I’ve been a fan of letterpress for years, ever since doing a short course doing traditional type setting and printing. It’s not really something that you can easily do at home, with the equipment being vintage, heavy and expensive, but I always jump at the opportunity to check out other people’s presses. So when the Whiteman Park Print Shop decided to run WA’s inaugural Wayzgoose, open to both printmakers and enthusiasts like me, I had to sign up.

What’s a Wayzgoose?

A Wayzgoose was traditionally an yearly event in which a master printer would give his printers a day off to have a celebration – or as Ann from Whiteman Park described it, “an excuse for a big piss-up”. In modern times though, it’s usually a meeting of local print makers to get together and celebrate their craft. There’s some contention about the origins of the term “Wayzgoose”, but I like the explanation that it refers to the way a drunken person walks similar to the swaying of a goose.

This Wayzgoose didn’t involve drinking any alcohol (especially since we were using the letterpress machines, which I wouldn’t want to do without all my wits about me) – instead there were talks, a screening of the film “Pressing On”, letterpress demonstrations and some hands on activities.

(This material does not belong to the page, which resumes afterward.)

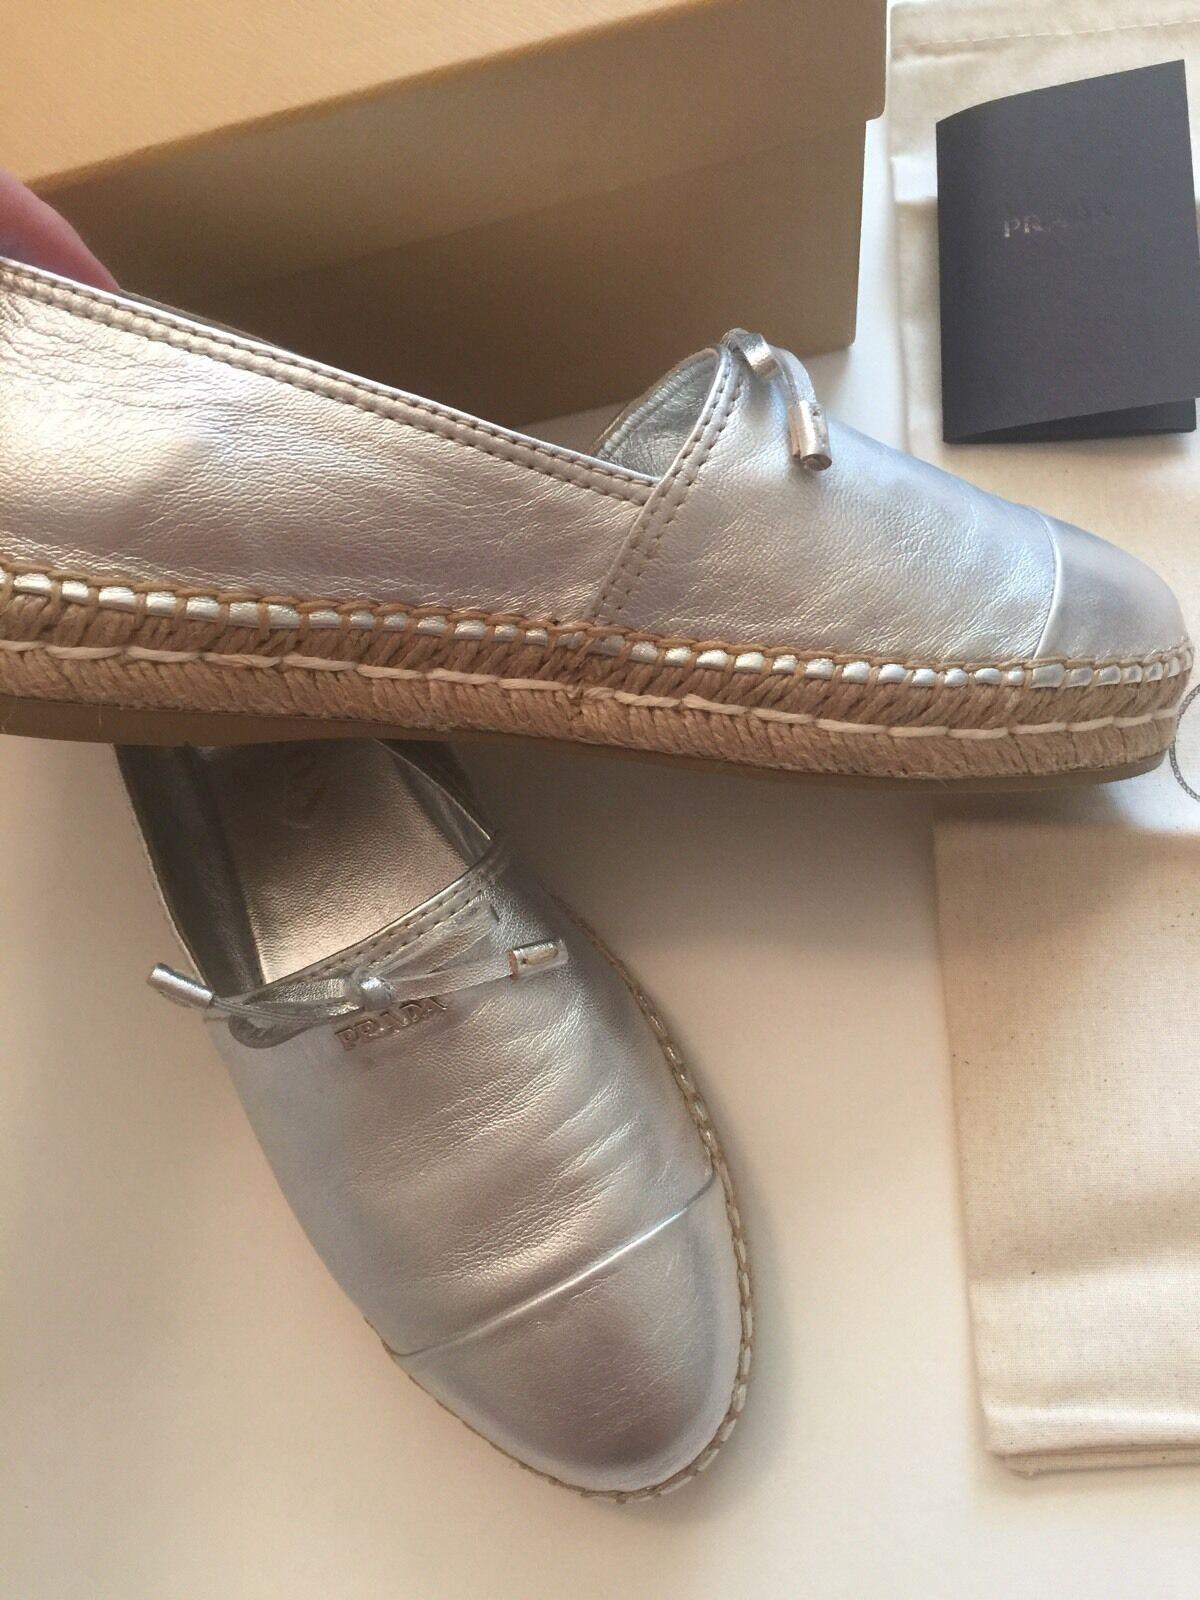 NIB Prada argent femmes Leather Espadrille Logo Logo Logo Bow slip on flat chaussures 6.5  36.5 3c68a6

There was an interesting mix of attendees, with professional printmakers, historians, lettering artists, crafters and designers. There’s so much love and interest in these old machines and traditional crafts, which have helped give letterpress a bit of a comeback as an artisan craft.

I’m always fascinated by how these complex and quite mechanical machines work – all the cogs, dials and levers are on display, in contrast to the clean and hidden internals of modern machinery. It all feels very Dieselpunk and mesmerising to watch. Like the other designers at the Wayzgoose, I love the hands-on and tactile nature of letterpress as a contrast to working on a screen.

The best bit for me was casting my own name using bronze casts and a Ludlow machine with molten lead – gonna have to figure out how to make this into a stamp!

It was an awesome day, and I can’t wait to see what they come up with for the next one! If you’re interested in finding out more about letterpress, the Whiteman Park Print Shop run letterpress workshops which look like a great introduction.